> For clean Markdown of any page, append .md to the page URL.
> For a complete documentation index, see https://docs.nvidia.com/nemo/automodel/llms.txt.
> For AI client integration (Claude Code, Cursor, etc.), connect to the MCP server at https://docs.nvidia.com/nemo/automodel/_mcp/server.

# Retrieval Dataset (Embedding Fine-tuning)

NeMo Automodel supports **retrieval model fine-tuning** using a retrieval-style dataset: each training example is a **query** paired with **one positive** document and **one or more negative** documents.

This dataset is used by the retrieval recipes (see `examples/retrieval/bi_encoder/` and `examples/retrieval/cross_encoder/`) together with the `BiEncoderCollator`.
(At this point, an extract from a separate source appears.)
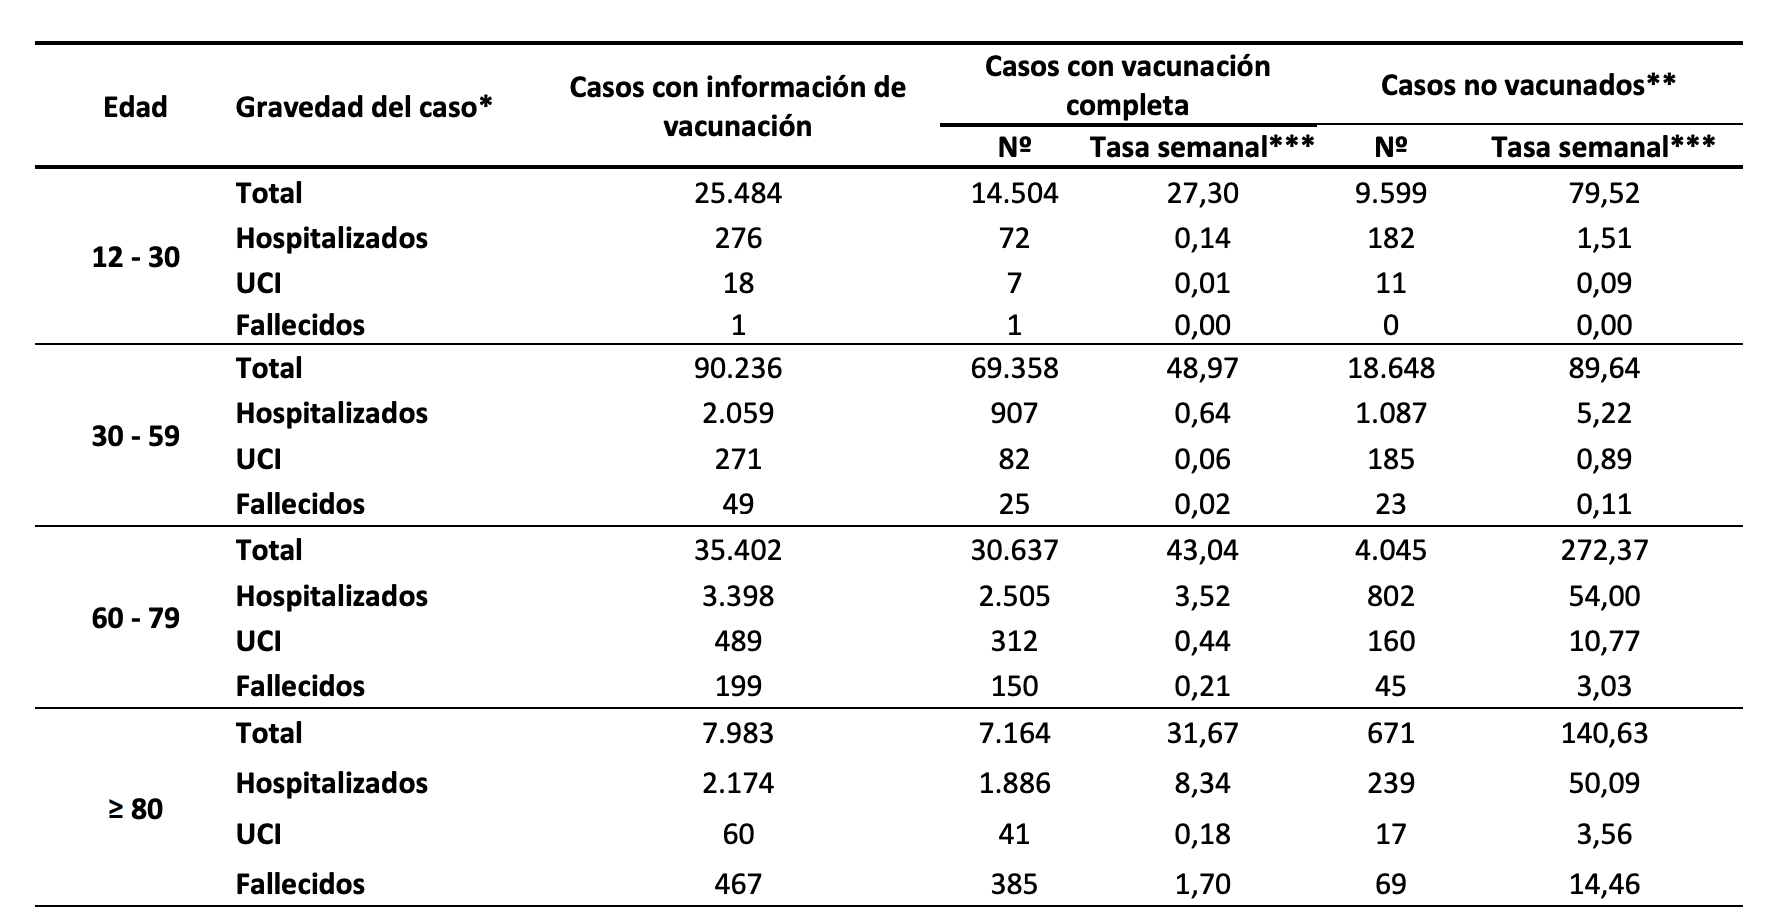 Extracto del informe del Ministerio de Sanidad sobre la gravedad de la enfermedad en vacunados y no vacunados

## What the Bi-Encoder Consumes

The dataset factory `nemo_automodel.components.datasets.llm.make_retrieval_dataset` returns a Hugging Face `datasets.Dataset`. At runtime it transforms each raw record into the training-time schema:

* `question`: query string
* `doc_text`: list of document texts in the order `[positive, negative_1, negative_2, ...]`
* `doc_image`: list of images (or empty strings), aligned with `doc_text`
* `query_instruction` / `passage_instruction`: optional, used when `use_dataset_instruction: true` and the corpus provides instructions via metadata

## Supported Input Formats

NeMo Automodel supports **two** input schemas:

### Corpus ID-Based JSON (Merlin/NeMo-Retriever Style)

This is the format used by NeMo retriever pipelines where documents live in a separate **corpus** and training examples reference documents by **ID**.

**Training file example (single JSON):**

```json
{
  "corpus": [
    { "path": "/abs/path/to/wiki_corpus" }
  ],
  "data": [
    {
      "question_id": "q_001",
      "question": "Explain transformers",
      "corpus_id": "wiki_corpus",
      "pos_doc": [{ "id": "d_123" }],
      "neg_doc": [{ "id": "d_456" }, "d_789"]
    }
  ]
}
```

**Corpus requirements**

Each corpus directory must contain a `merlin_metadata.json` file.

Minimal example:

```json
{ "class": "TextQADataset", "corpus_id": "wiki_corpus" }
```

* `pos_doc` and `neg_doc` can be lists of `{"id": ...}` dicts or raw IDs (they are normalized internally).
* If you set `use_dataset_instruction: true`, optional fields like `query_instruction` and `passage_instruction` in `merlin_metadata.json` are surfaced to the collator.

### Inline-Text JSONL (No Corpus Required)

This is convenient for custom fine-tuning pipelines where the documents are included **inline**.

**JSONL example (one example per line):**

```json
{"query":"Explain transformers","pos_doc":"Transformers are a type of neural network...","neg_doc":["RNNs are...","CNNs are..."]}
{"query":"What is Python?","pos_doc":["A programming language."],"neg_doc":"A snake."}
```

* `query` is accepted (`question` is also accepted as an alias).
* `pos_doc` and `neg_doc` can be either:
  * strings (interpreted as document text), or
  * lists of strings, or
  * dicts with at least `text` (optionally `image`, `nr_ocr`) for multimodal use cases.
* If `corpus_id` is not provided, it defaults to `__inline__`.
* `use_dataset_instruction: true` has no effect for pure inline records (instructions come from corpus metadata).

## YAML Usage (Dataset + Collator)

Use the dataset factory plus the bi-encoder collator:

```yaml
dataloader:
  _target_: torchdata.stateful_dataloader.StatefulDataLoader
  dataset:
    _target_: nemo_automodel.components.datasets.llm.make_retrieval_dataset
    data_dir_list:
      - /abs/path/to/train.jsonl   # or train.json (corpus-id format)
    data_type: train
    n_passages: 5                 # 1 positive + 4 negatives
    do_shuffle: true
    use_dataset_instruction: false
  collate_fn:
    _target_: nemo_automodel.components.datasets.llm.BiEncoderCollator
    q_max_len: 512
    p_max_len: 512
    query_prefix: "query:"
    passage_prefix: "passage:"
    pad_to_multiple_of: 8
```

## Requirements

* `pos_doc` must be **non-empty**.
* If training requests negatives (e.g., `n_passages > 1`), `neg_doc` must contain **at least one** document.